DATA EXCERPT ::
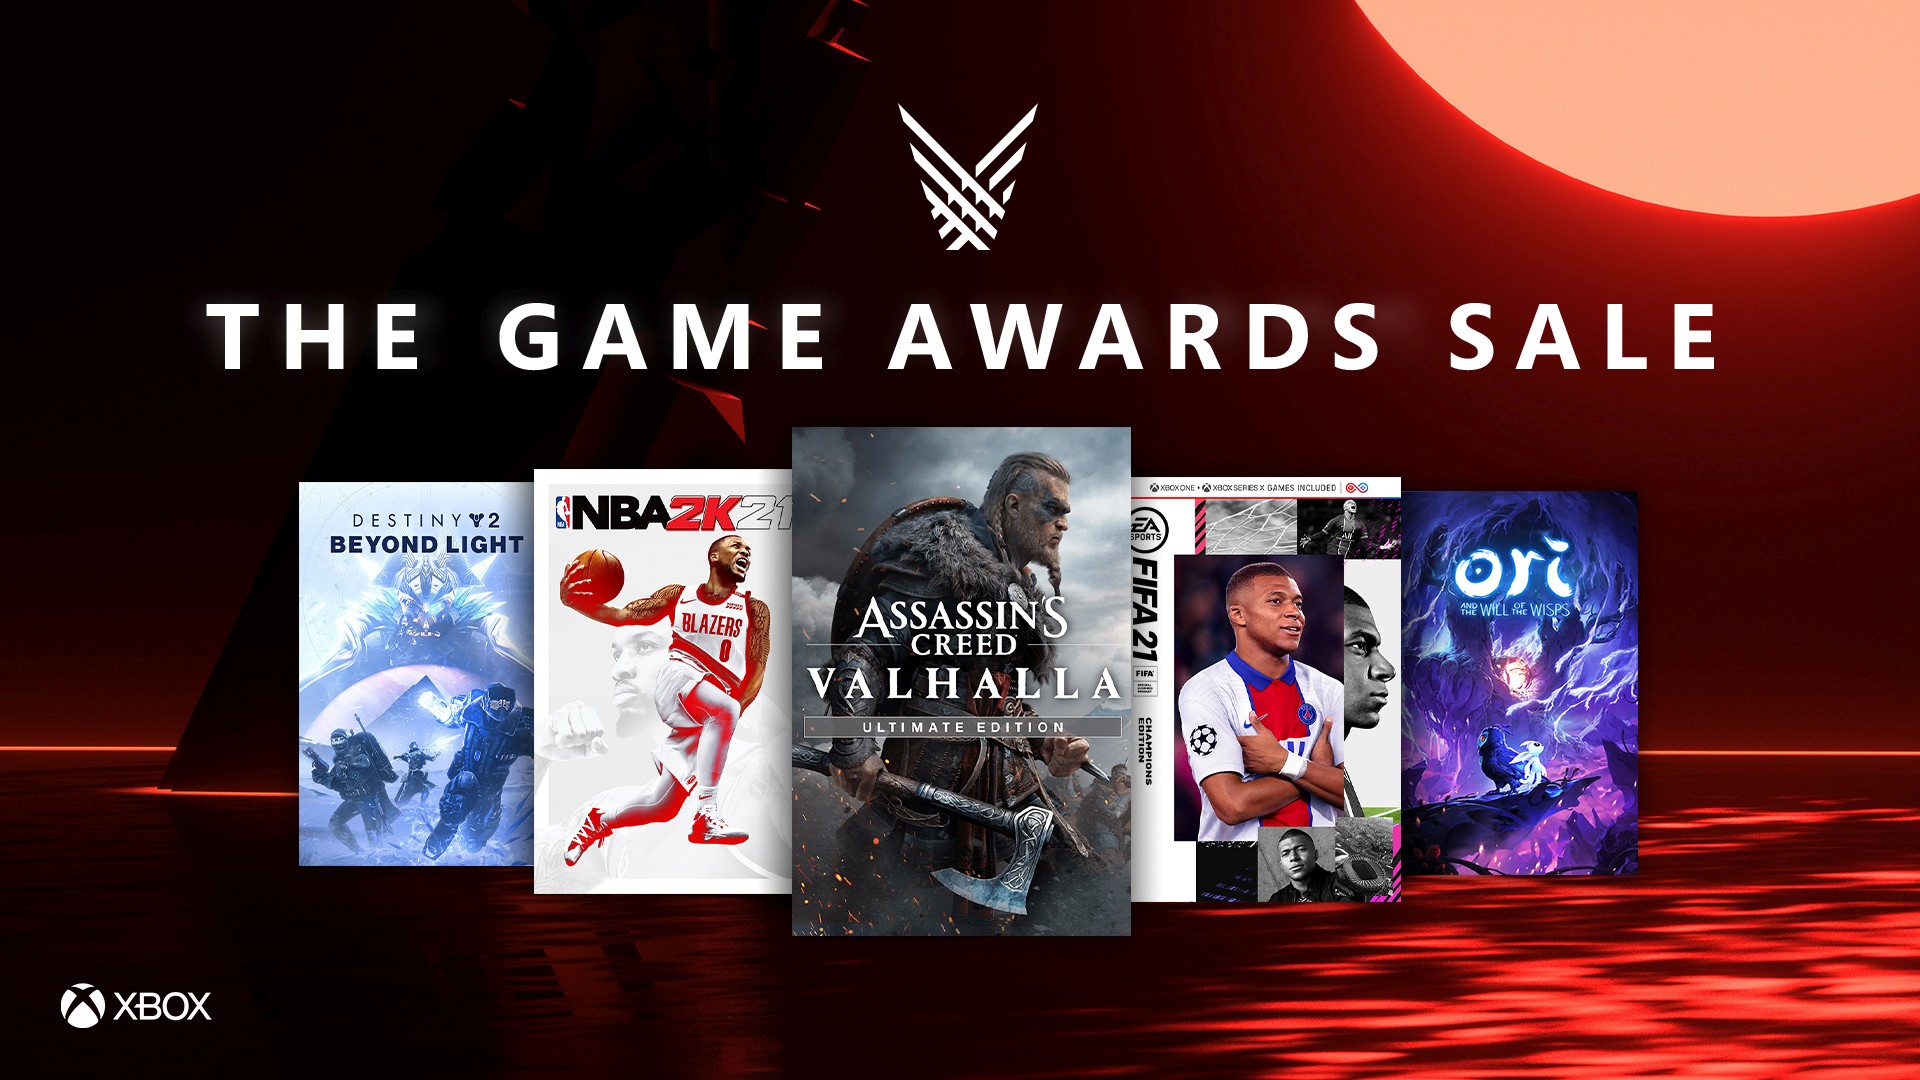 The Game Awards Sale Hero Image
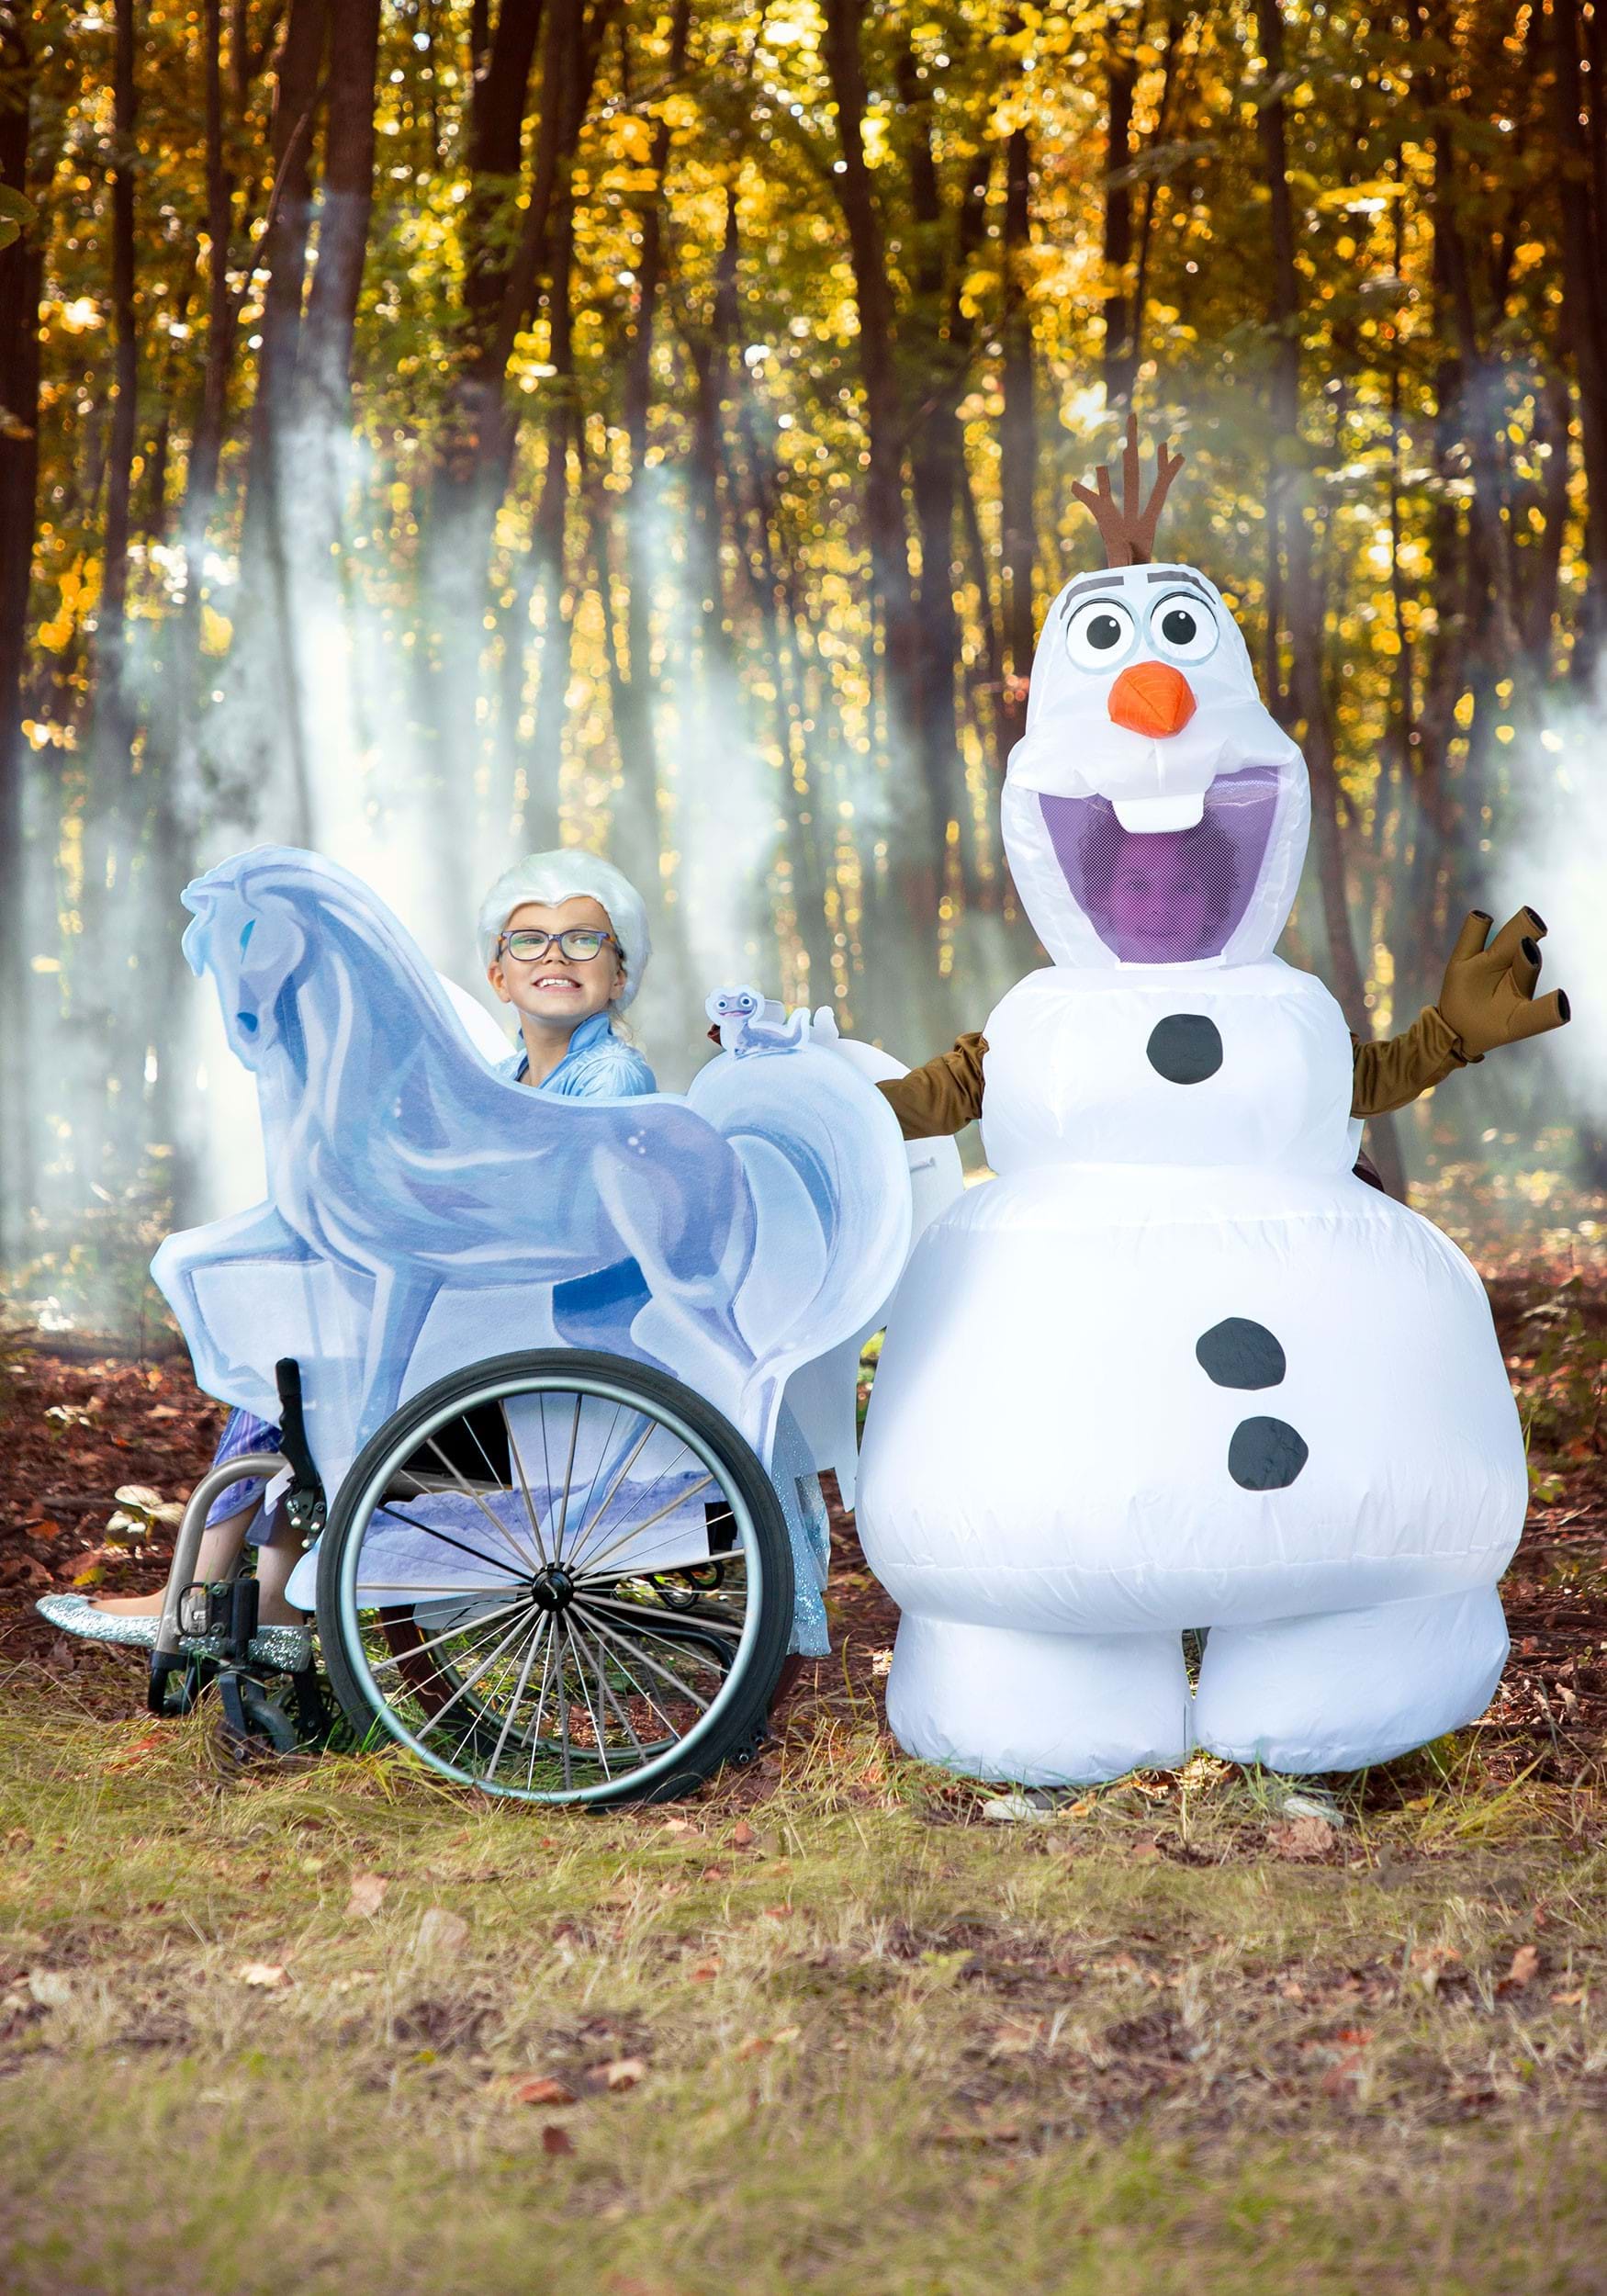 Kids Frozen Olaf Inflatable Costume
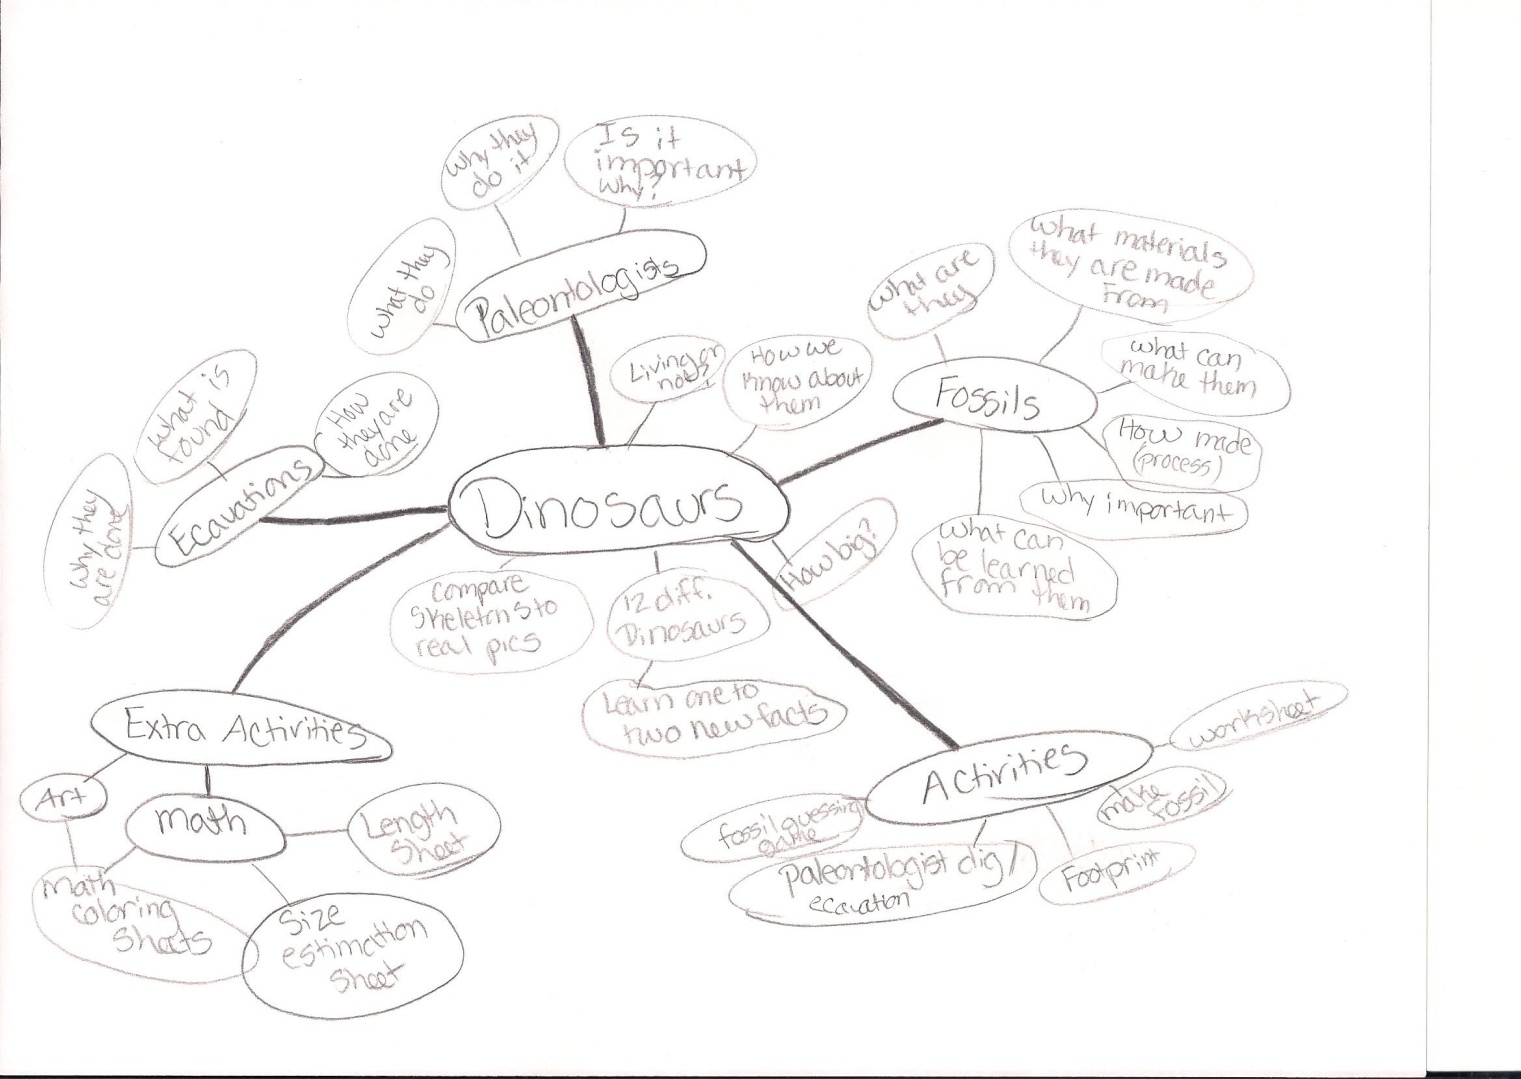 c:\users\brian\pictures\scanned documents\dino unit\concept map 001.jpg
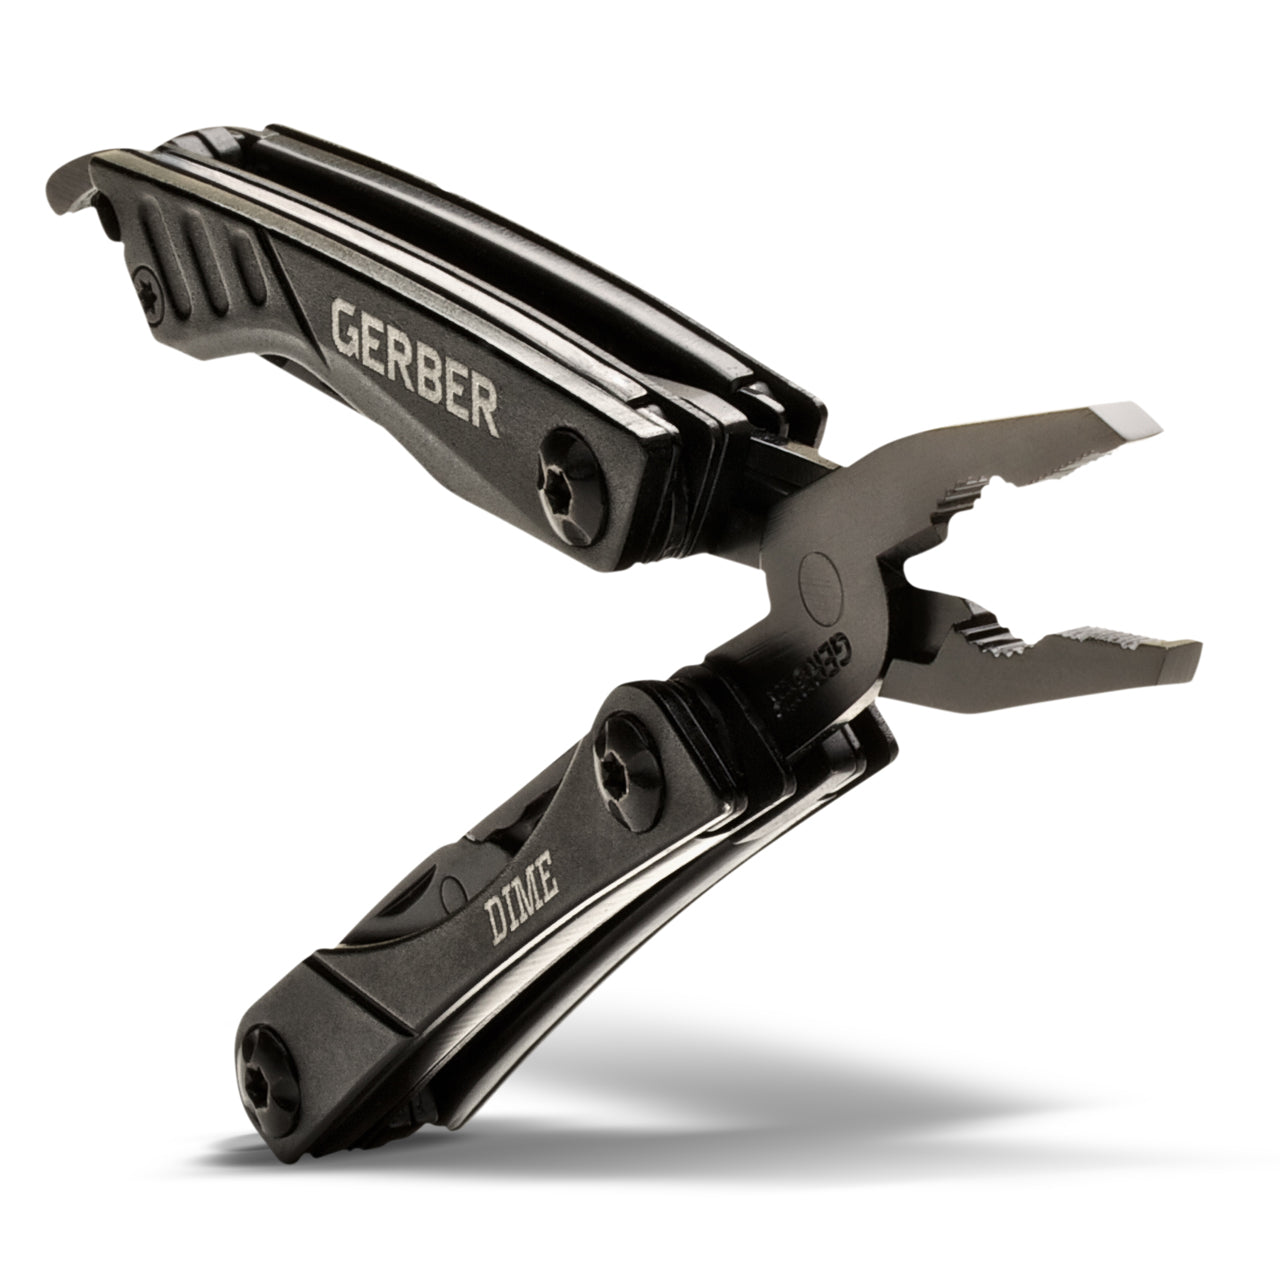 The idea is simple: always be prepared. The Dime is a mini multi-tool with an impressive list of features, ensuring you are ready for anything. This butterfly open tool fits on your keychain yet has 12 useful tools. Available in multiple colors and a bladeless version as well. www.defenceqstore.com.au

PROBLEM REQUIREMENTS ::
Excluding pictures, copy exactly the lines from the line containing "Kids Frozen Olaf Inflatable Costume" through the last line of the data, inclusive.

RESPONSE FOR THIS EXERCISE ::
 Kids Frozen Olaf Inflatable Costume
 c:\users\brian\pictures\scanned documents\dino unit\concept map 001.jpg
 The idea is simple: always be prepared. The Dime is a mini multi-tool with an impressive list of features, ensuring you are ready for anything. This butterfly open tool fits on your keychain yet has 12 useful tools. Available in multiple colors and a bladeless version as well. www.defenceqstore.com.au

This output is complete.